The meals served — incorporating foraged mushrooms and seaweed from the beach — will be sourced, as much as possible, from within a 100-mile radius, adhering to the popular “think globally, eat locally” mantra.
“We’re using whole animals and breaking them down, using veg from farms nearby, and seafood from the harbors there,” the event’s guest chef, Adam Handling, told iNews.
“The menu is designed to be sustainable and zero-waste, but it’s also supposed to be fun. We’re using amazing ingredients, like meadowsweet and pineapple weed,” he said. “We’re doing an awesome velvet crab starter with roast cauliflower puree and herbs foraged from the seashore.”
The extra emissions of carbon dioxide produced by the summit will be mitigated by investments in certified projects in the developing world, according to the government, including less smoky cookstoves in Uganda, a composting facility in Vietnam and a biogas energy plant in Thailand.
“Our global projects such as hydropower in Laos will help to offset emissions generated by the gathering of world leaders and every coffee cup, pen and notepad used at the summit will be recyclable or made entirely from recycled materials,” Alok Sharma, government minister and president-designate of COP26, said in a statement.
The extra emissions can be offset, essentially, by buying carbon credits, through markets and programs run by the United Nations and other international agencies and nonprofits.
Typically, the greatest energy use for an international gathering is getting the participants there, said Connolly of the consultancy Arup. She said charter flights carrying world leaders clearly are more polluting per person than an economy row on a discount carrier.
“But the impact of these leaders will be offset by the huge decisions they will make for the climate,” she said. Connolly could not say Friday how much carbon the delegations will burn through, but she said she believes that the British government will release a full report in the future.
At the G-7, Britain is hosting leaders flying in from the United States, Canada, France, Germany, Italy and Japan, for their first face-to-face discussions in almost two years, as well as delegations from the European Union, South Korea, Australia and South Africa. India’s leader, Narendra Modi, is not joining in person, as he attends to a coronavirus surge in his country.
Although a carbon calculation for a seat on Air Force One, as an example, is not available, the German nonprofit Atmosfair estimates that a business-class, round-trip flight from Washington Dulles Airport to London Heathrow would emit about 4,127 kilograms (4.5 tons) of carbon dioxide equivalents.
In comparison, Atmosfair calculates that driving a car for a year emits 2,000 kilograms (2.2 tons), while the annual emissions per capita in Ethiopia is 560 kilograms (0.6 tons). Another consultancy roundly estimates that one night in a five-star hotel equals 35 kilograms (77 pounds) of carbon gas equivalents.
To offset that plane ride from Washington to London would set a passenger back 95 euros in carbon credits, or about $115, which would be used for one of those composting or small hydropower projects that the British government is eyeballing for its mitigation.
“Calling it the most sustainable event ever?
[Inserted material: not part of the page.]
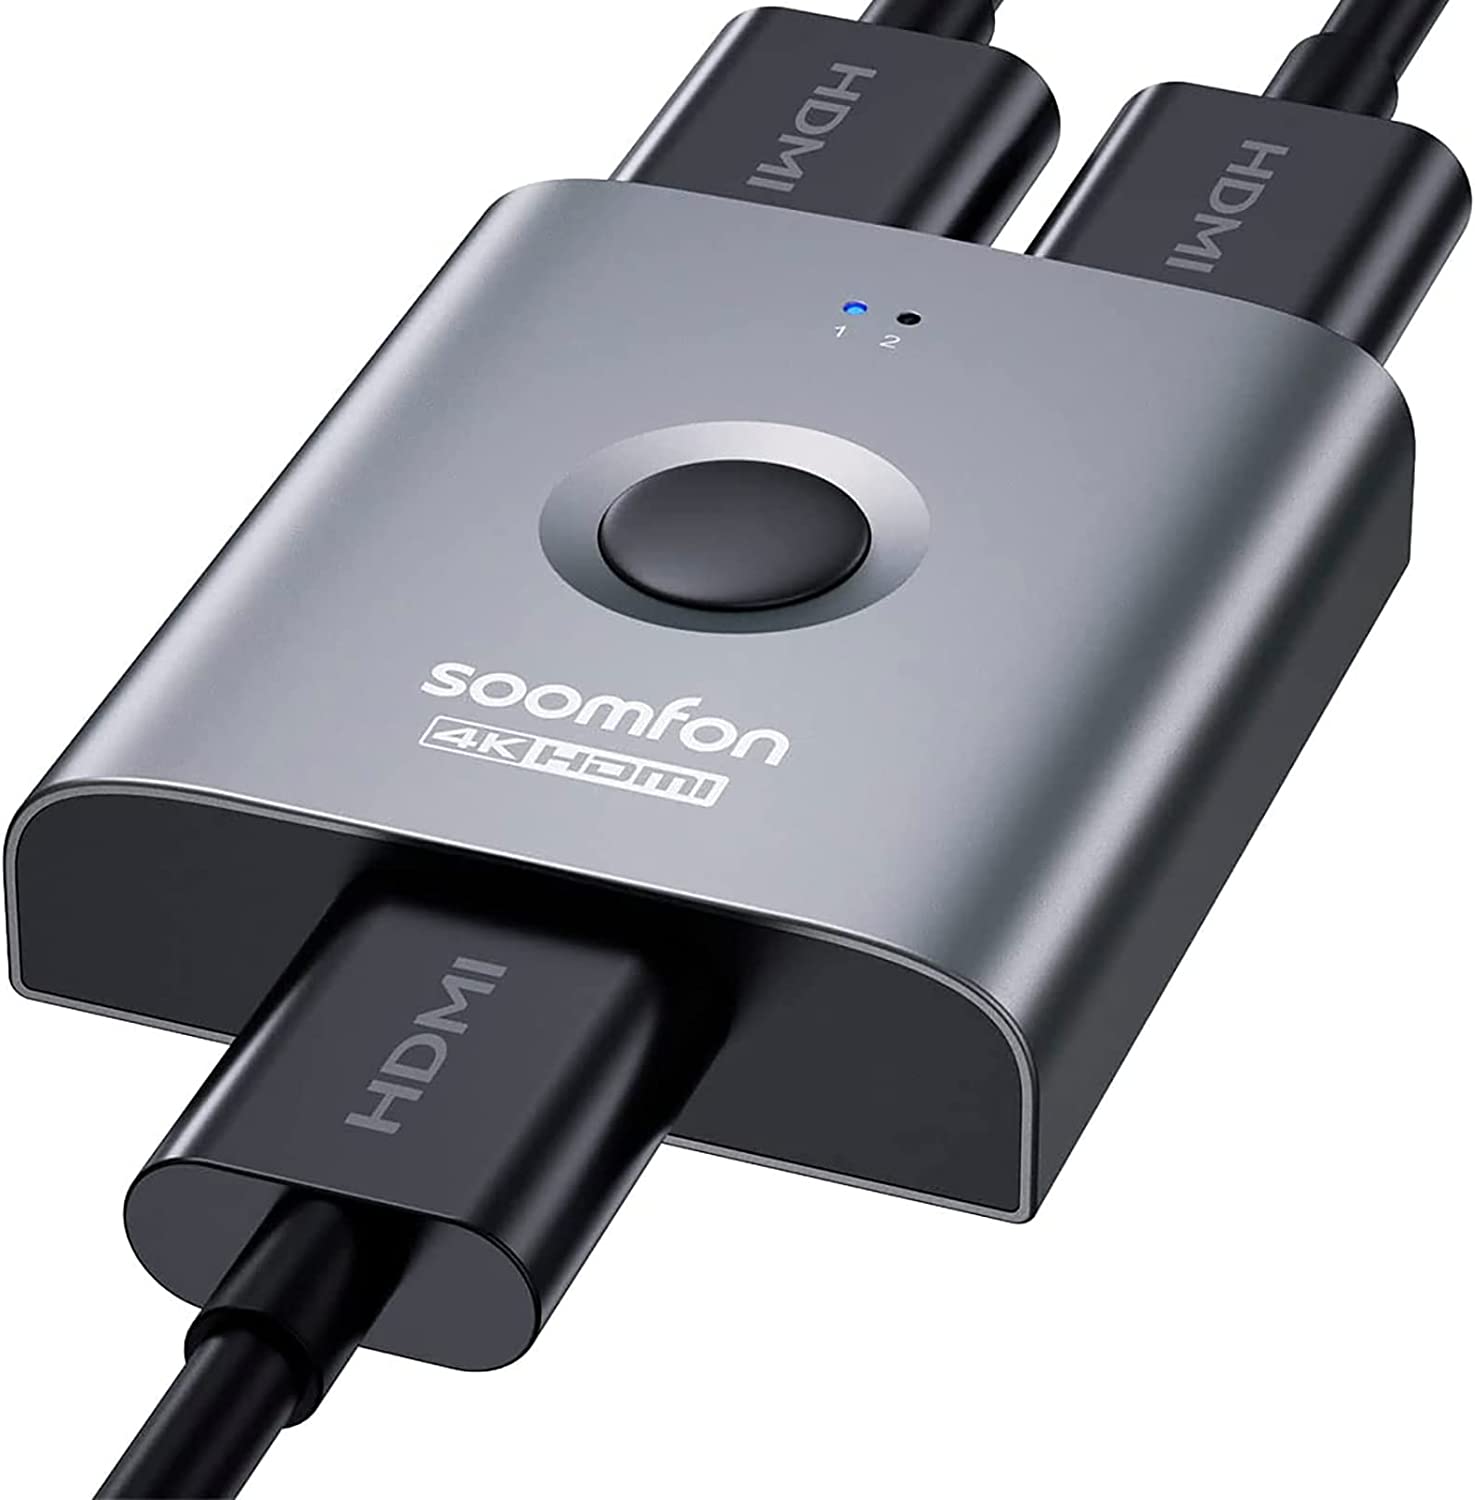 Comprar Ladron conmutador HDMI de 3 puertos - 3 port switch

That might be a little bold, and I find it unlikely,” said Owen Hewlett, chief technical officer for Gold Standard, a climate mitigation think tank. Robust science-based emission standards are still evolving for the event sector, he said.
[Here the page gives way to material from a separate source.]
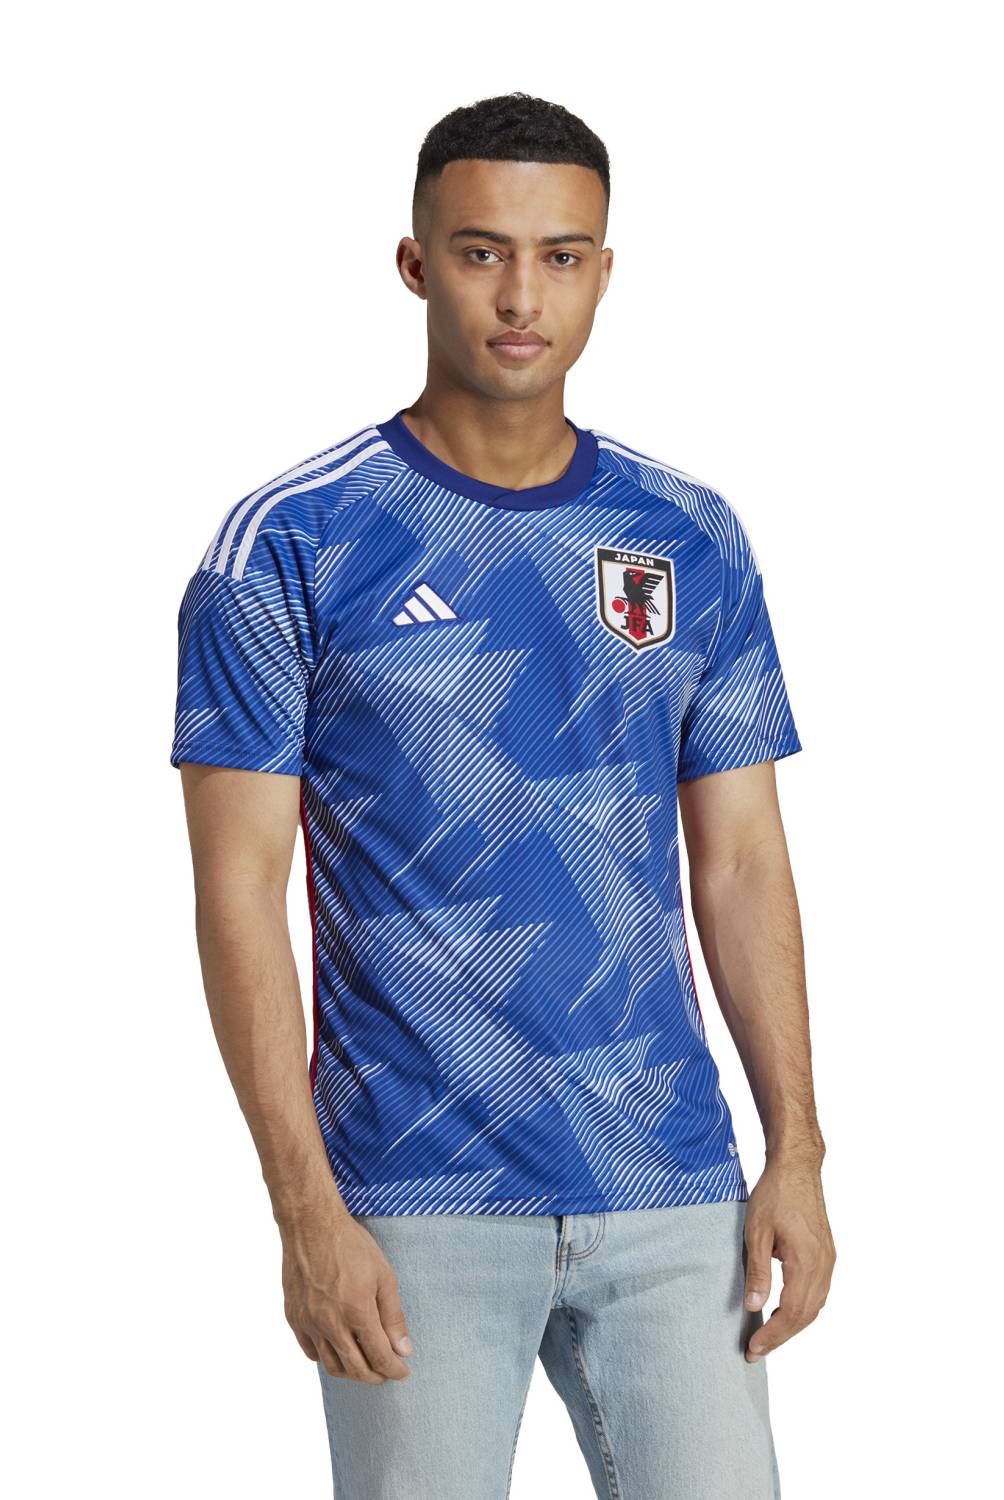 ADIDAS - Adidas Camiseta de Fútbol Japón Hombre

But Hewlett said it was good that Britain was trying — and that it has contracted with experts and is seeking legitimate certification. He agreed that the details could be devilish and said that estimating a carbon budget depends on how broadly an event’s parameters — its catering, beds, transport, security, prep work, waste and supply chains — are accounted for.
“We don’t have uniform criteria for measuring yet,” cautioned Fiona Pelham, chief executive of Positive Impact, a carbon emissions and event consultancy. “And transparency can be an issue, too.”
She and others said they hope the British government issues a public report on how well it did at the G-7 summit.